Recorded information

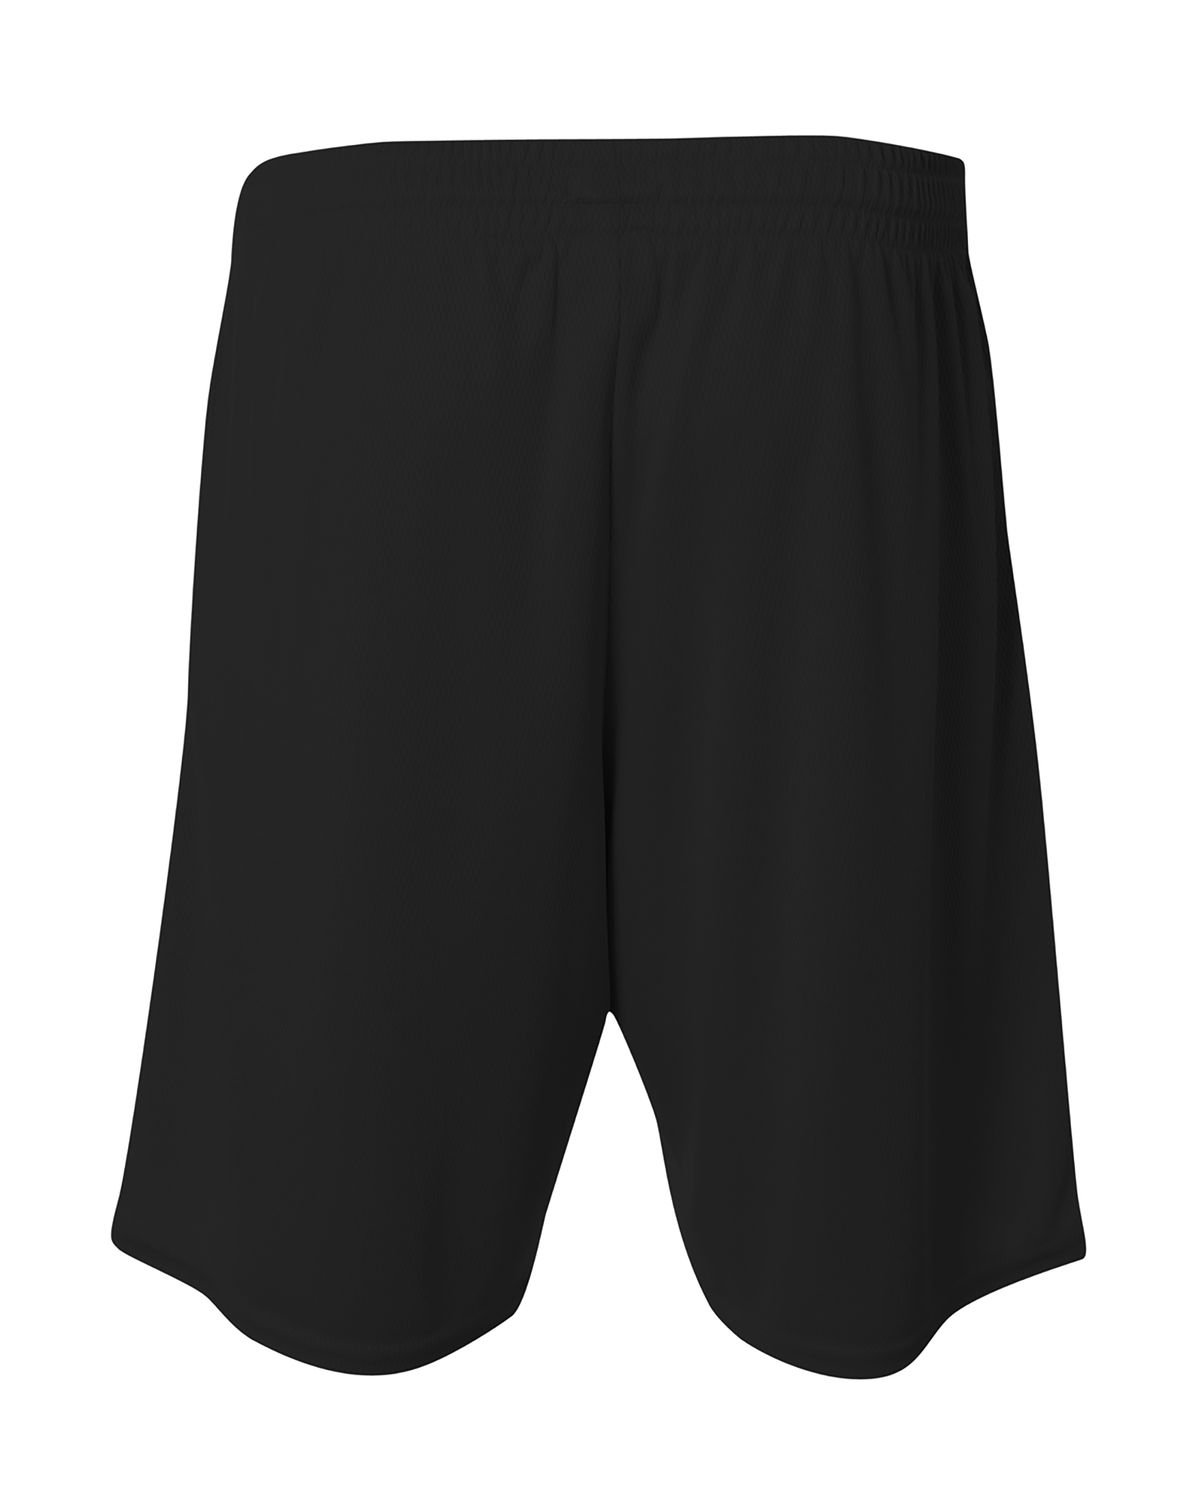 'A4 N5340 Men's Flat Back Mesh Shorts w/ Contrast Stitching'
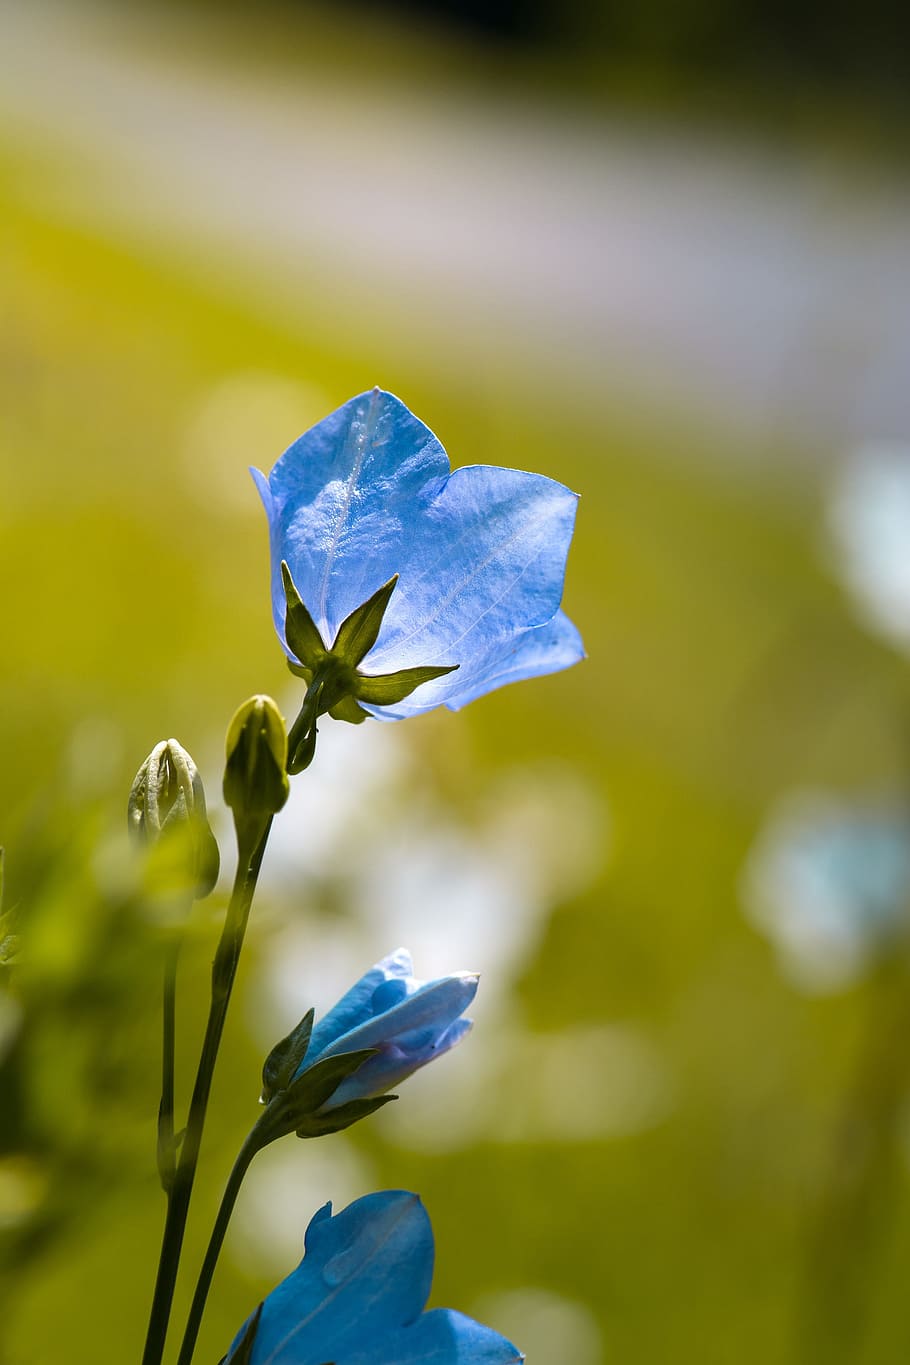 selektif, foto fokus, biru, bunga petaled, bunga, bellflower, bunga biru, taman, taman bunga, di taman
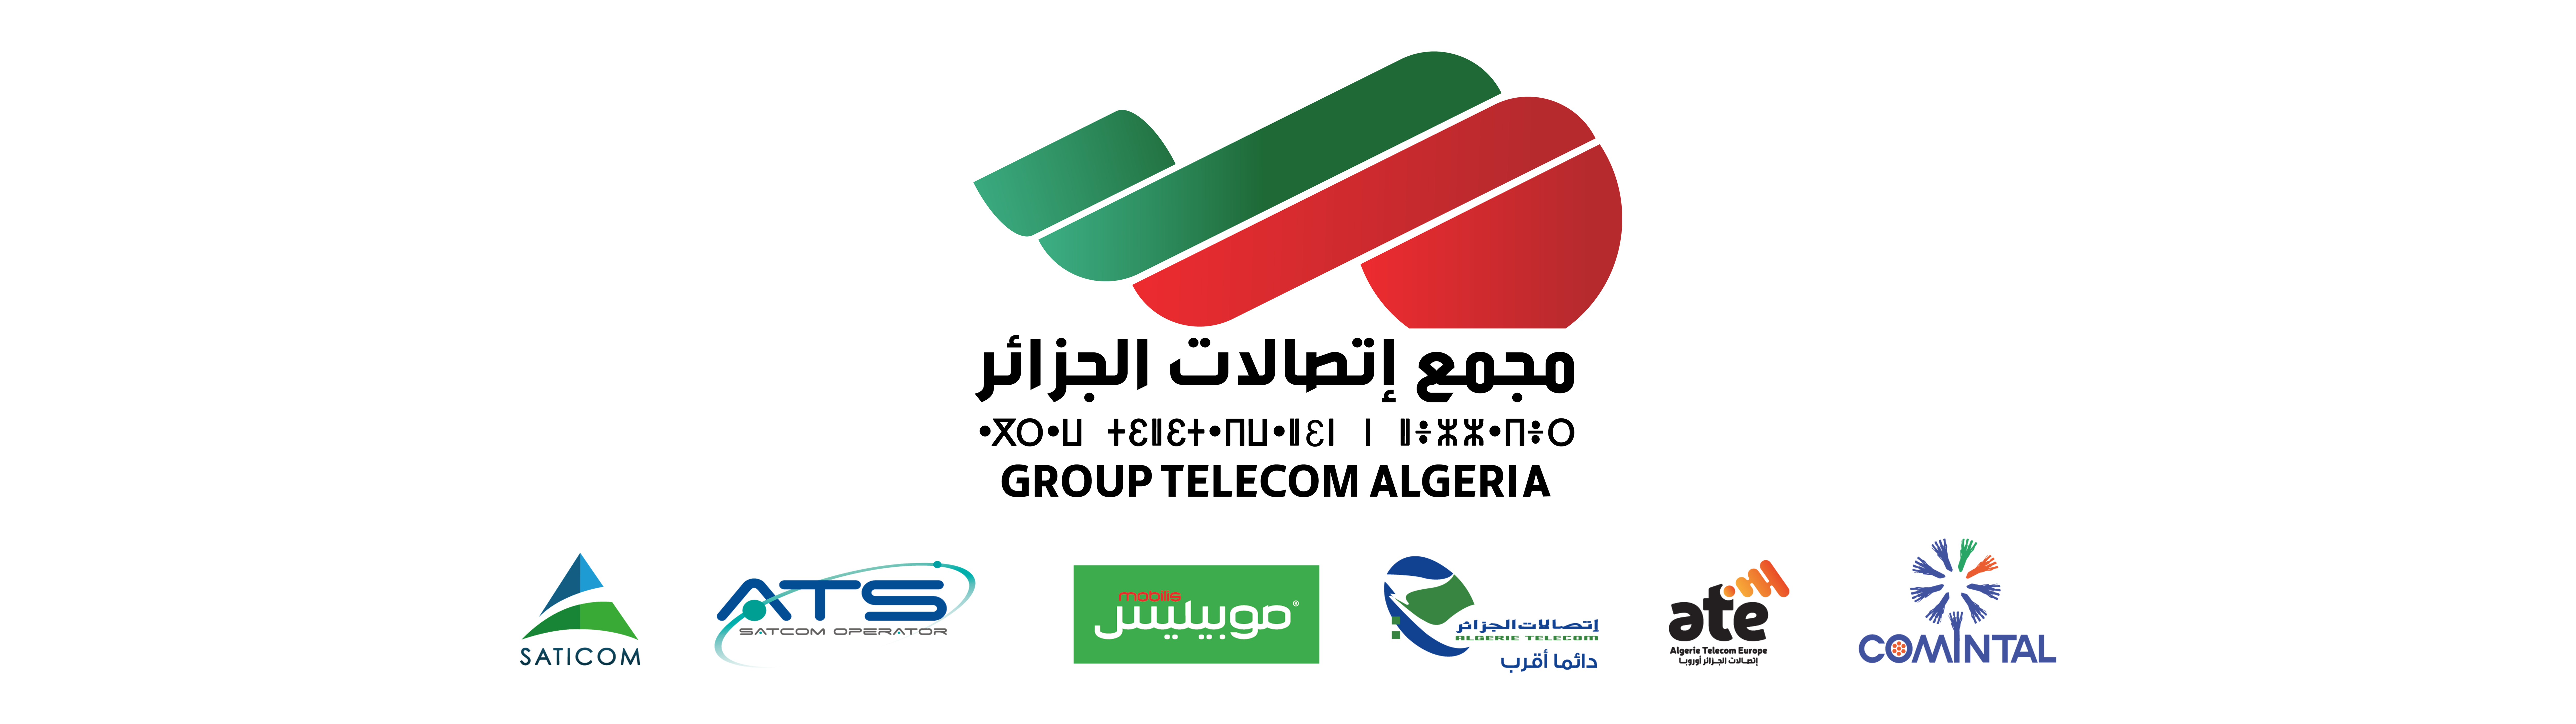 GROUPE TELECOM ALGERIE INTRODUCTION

Work task
Write out every line above exactly, minus images.

Reply
 'A4 N5340 Men's Flat Back Mesh Shorts w/ Contrast Stitching'
 selektif, foto fokus, biru, bunga petaled, bunga, bellflower, bunga biru, taman, taman bunga, di taman
 GROUPE TELECOM ALGERIE INTRODUCTION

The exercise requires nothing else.